9 posts Posts by Kimalbrecht

Time Series Visualizations – An overview

“Time-series — sets of values changing over time”
A Tour Through the Visualization Zoo 
http://hci.stanford.edu/jheer/files/zoo/

This description of the word “Time-Series” is very close to the explanation in Oxfords dictionary which adds that the word comes from a statistic background and often the intervals are equal within the time-series.
http://www.oxforddictionaries.com/definition/english/time-series?q=time-series

Within our research project we are mainly interested in the visualization part within the vast field of statistics. In the book “The Visual Display of Quantitative Information” Edward Tufte defines time-series visualizations as:

“With one dimension marching along to the regular rhythm of seconds, minutes, hours, days, weeks, months, years, centuries, or millennia, the natural ordering of the time scale gives this design a strength and efficiency of interpretation found in no other graphic arrangement.” 
Edward R. Tufte
The Visual Display of Quantitative Information
p. 28

Classical datasets of time series visualizations are temperature, wind, condensation (or any other kind of weather measurement), stock data, population change, electricity usage etc. the field is so vast that Tufte writes that in a study that analysed graphics between 1974 and 1980 75% of the graphics where time-series visualizations. Obviously more than 30 years later the field has changed but time-series still seams to be an important part within the area.

In my opinion most Security Network Data doesn’t provide information with changing values over time initially. For example Flow Data is structured through nodes and edges with additional information. These single incidents in time don’t hold the same characteristics as usual time-series datasets where one value changes. But on a certain level of abstraction (for example by counting incidents within set timeframes) or by combining time-series with other methods like network visualizations this kind of graphics could be very helpful for us.

This article first summarises a few classical time-series examples and than looks at recent developments in the field.

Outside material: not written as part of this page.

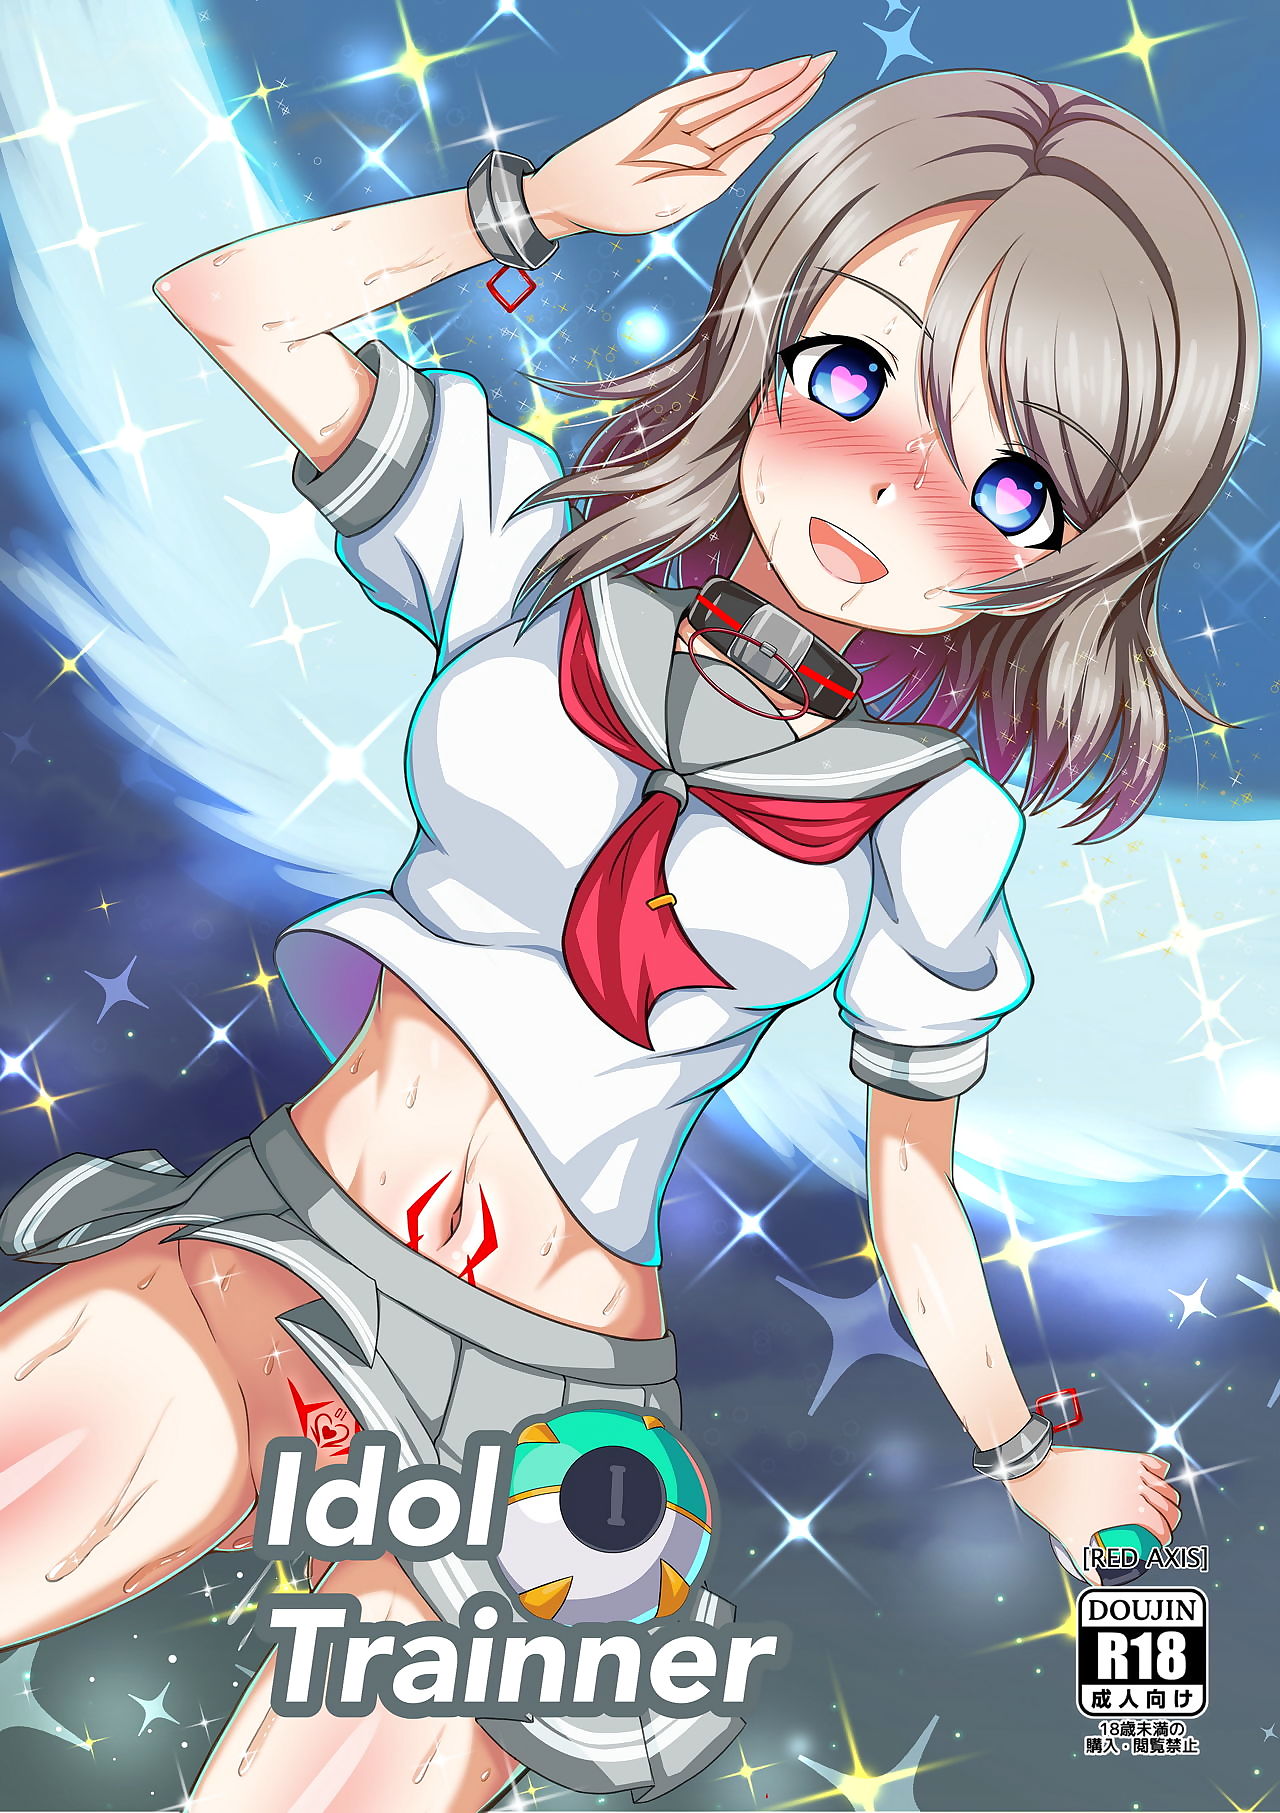 Idol Trainner

The first time-series visualization was designed in the tenth or possibly eleventh century. It shows the changing positions of the planets with the time on the x-axis.

As we will see the use of the x-axis is still the most common form of presenting time-series graphics. Nathan Yau gives an overview of the most common forms of time-series visualizations in his book “data points” which are in his opinion bar graphs, line charts, dot plots & dot-bar graphs. All of this charts are actually similar in what they do. The only difference is the graphical representation of the data. While all of them use the time dimension on the x-axis, Nathan Yau gives two examples for different representation methods. Radial plots, which are similar to line charts, just circular and calendar heat maps.

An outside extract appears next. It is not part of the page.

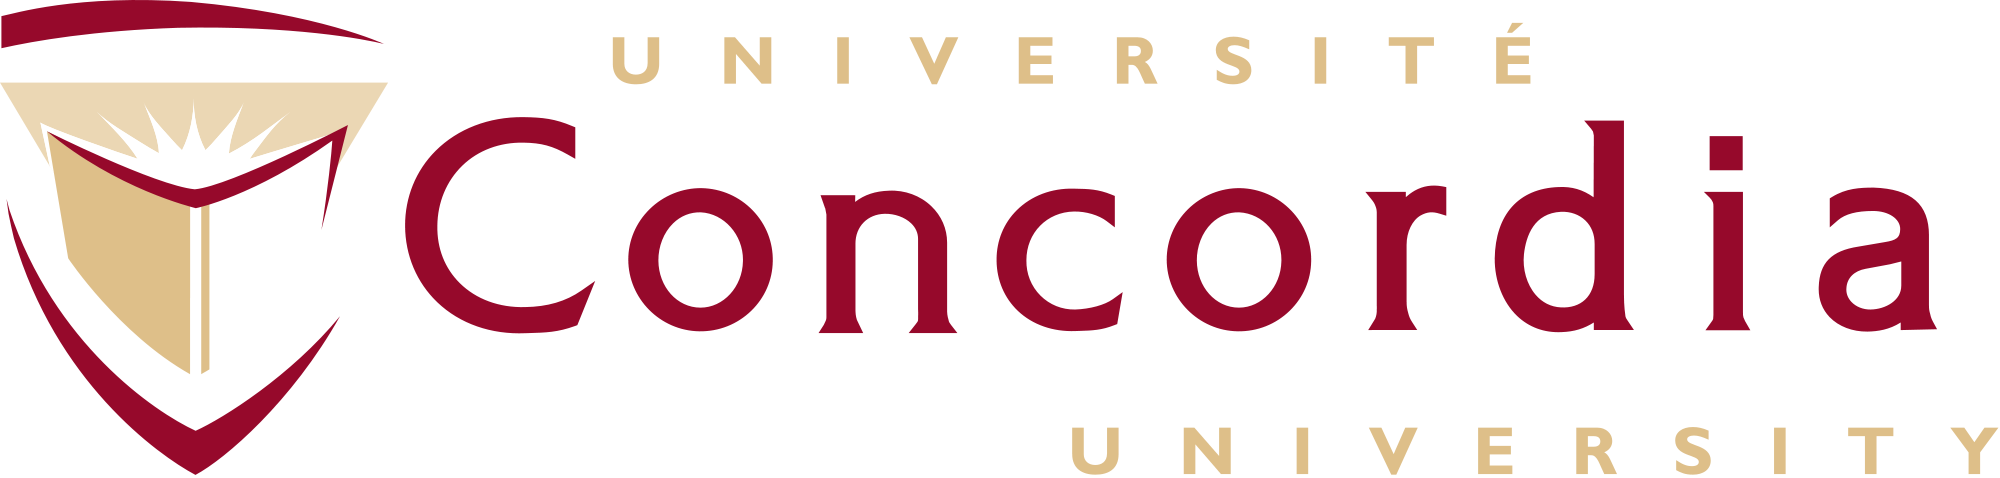 加拿大康考迪亚大学 Concordia University logo

Jeffrey Heer, Michael Bostock, and Vadim Ogievetsky from Stanford University are giving a different overview of time-series visualizations in their article “A Tour Through the Visualization Zoo”. Their overview starts with index charts, which is an interactive line chart.

Index Chart

Stacked Graphs. Which are Area Charts that are stacked on top of each other. They are also called stream graphs. What makes them special is the fact that we get a visual summation of all time-series values.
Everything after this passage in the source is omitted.